# Before you decide where to publish



## LeeC (Jan 20, 2016)

Before you decide where to publish you ought to read this. 

http://ammadden.com/dear-amazon/


----------



## RikWriter (Jan 26, 2016)

Page not found.


----------



## Schrody (Jan 26, 2016)

You can access it only from the cache - click


----------



## RikWriter (Jan 26, 2016)

The article seems like whining to me, to be honest.


----------



## Schrody (Jan 26, 2016)

Well, we don't know how much effort she put establishing her name, i.e., marketing herself. Not defending Amazon - it surely isn't a perfect publishing platform, but people like when they can blame someone else because of their laziness or because of things they didn't know how to do.

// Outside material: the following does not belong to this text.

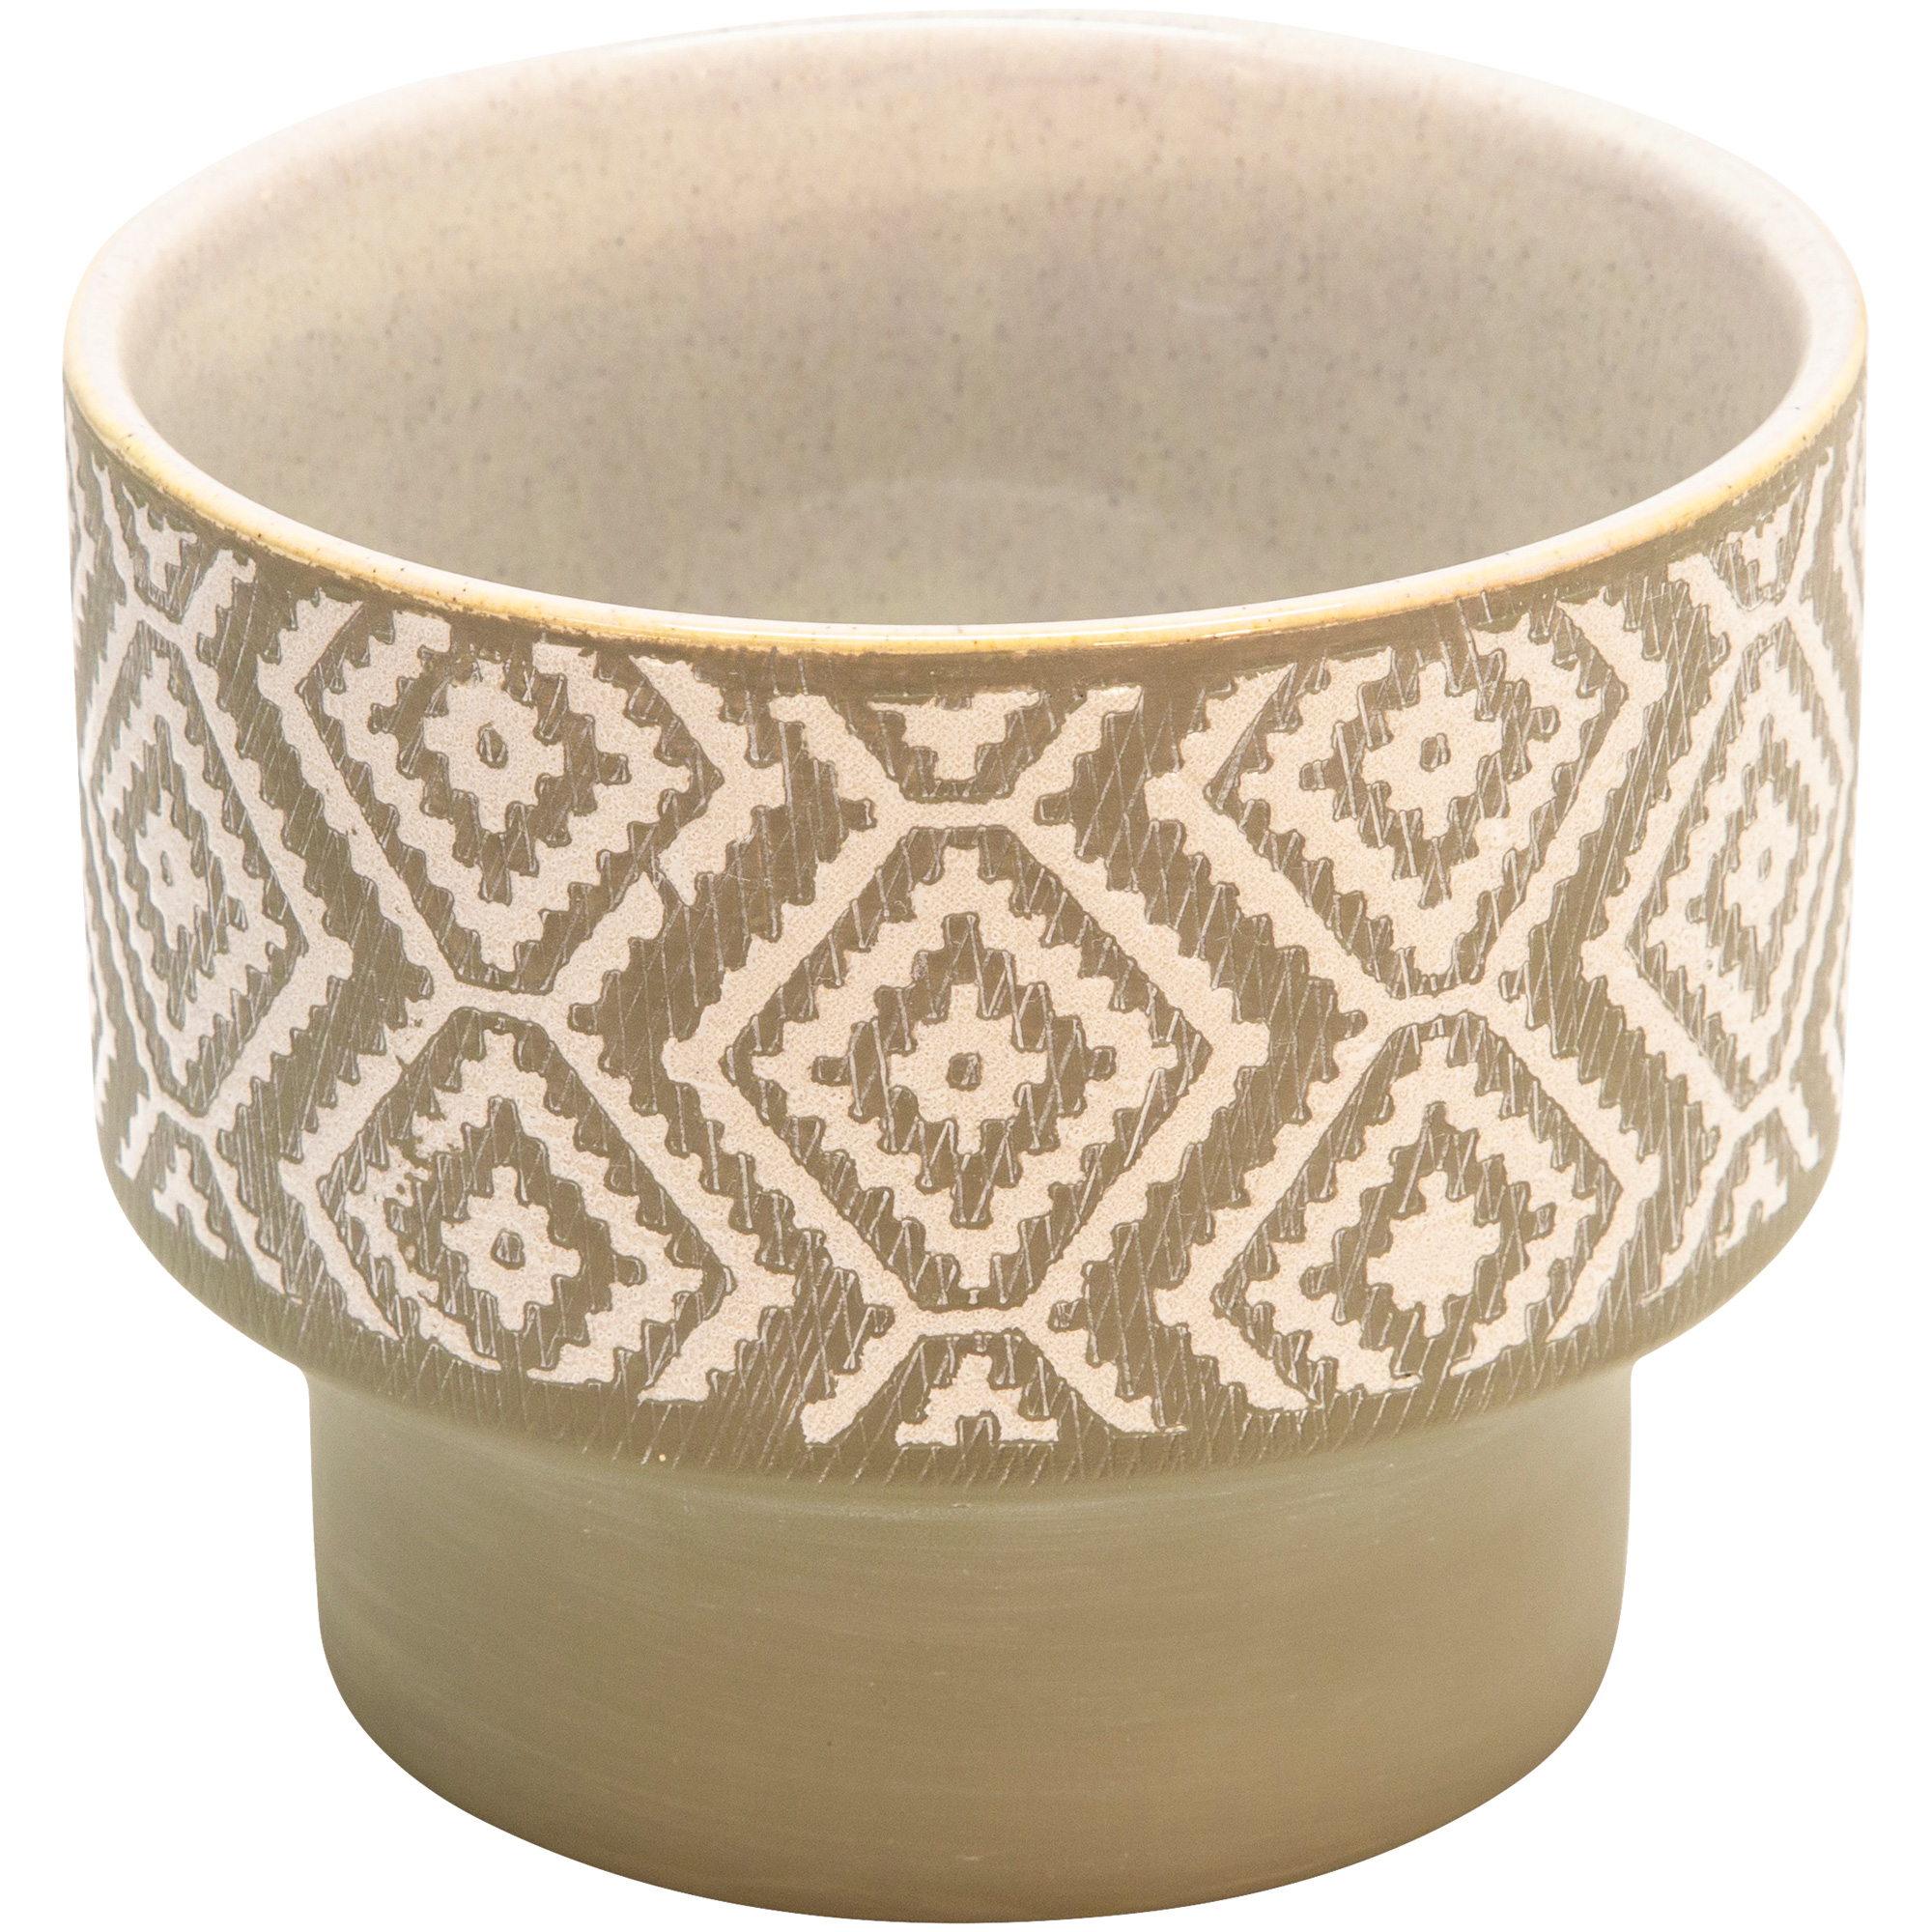 Sagebrook | Collected Culture Beige Ceramic Planter

That being said, if you put your book for free on other platforms, Amazon will match it immediately, so that's a solution to "Amazon won't let me to put my book for free". Research, people.


----------



## PrinzeCharming (Jan 26, 2016)

Schrody said:


> Well, we don't know how much effort she put establishing her name, i.e., marketing herself. Not defending Amazon - it surely isn't a perfect publishing platform, but people like when they can blame someone else because of their laziness or because of things they didn't know how to do. That being said, if you put your book for free on other platforms, Amazon will match it immediately, so that's a solution to "Amazon won't let me to put my book for free". Research, people.




Buttt ...  I wanna be a gazillionaire! You know, a GAZILLION likes for all the hard work! This blogger seems to out of place. Amazon is a business. It's there to make money. It's not there to pat you on the back, unless you're providing income to their business. I love reading articles like this. It shows naivety with bright colors.


----------



## Linton Robinson (Jan 28, 2016)

Sorry, but I don't see why anybody would want or need to read that before publishing.


----------



## DaBlaRR (Jan 28, 2016)

She starts of the letter by speaking to Amazon, like they know who she is... (or care).


----------



## Schrody (Jan 28, 2016)

It seems to be a bit hypocritical - if you're not satisfied, there's always other platforms... Don't get me wrong, it's okay to be unsatisfied, but if you are, do something. Whining never helped anyone.


----------



## Terry D (Jan 29, 2016)

Thanks for posting this, Lee. I think it's important for people considering self-publishing to understand what the business is (very competitive, very easy [to publish, not to succeed], and very, very solo) and what it is not (a quick route to bestseller status, and lots and lots of money).


----------



## Linton Robinson (Mar 3, 2016)

DaBlaRR said:


> She starts of the letter by speaking to Amazon, like they know who she is... (or care).



Sniff... they never write, they never call...


----------



## LeeC (Mar 4, 2016)

Maybe an opinion from a #1 NYT bestselling author will get the point across. 
http://www.jamiemcguire.com/blog/2016/3/3/dear-amazon

And thank you Terry for being a mature reasoned voice. The more one understands what they're getting into, and their options, the less times they' trip.


----------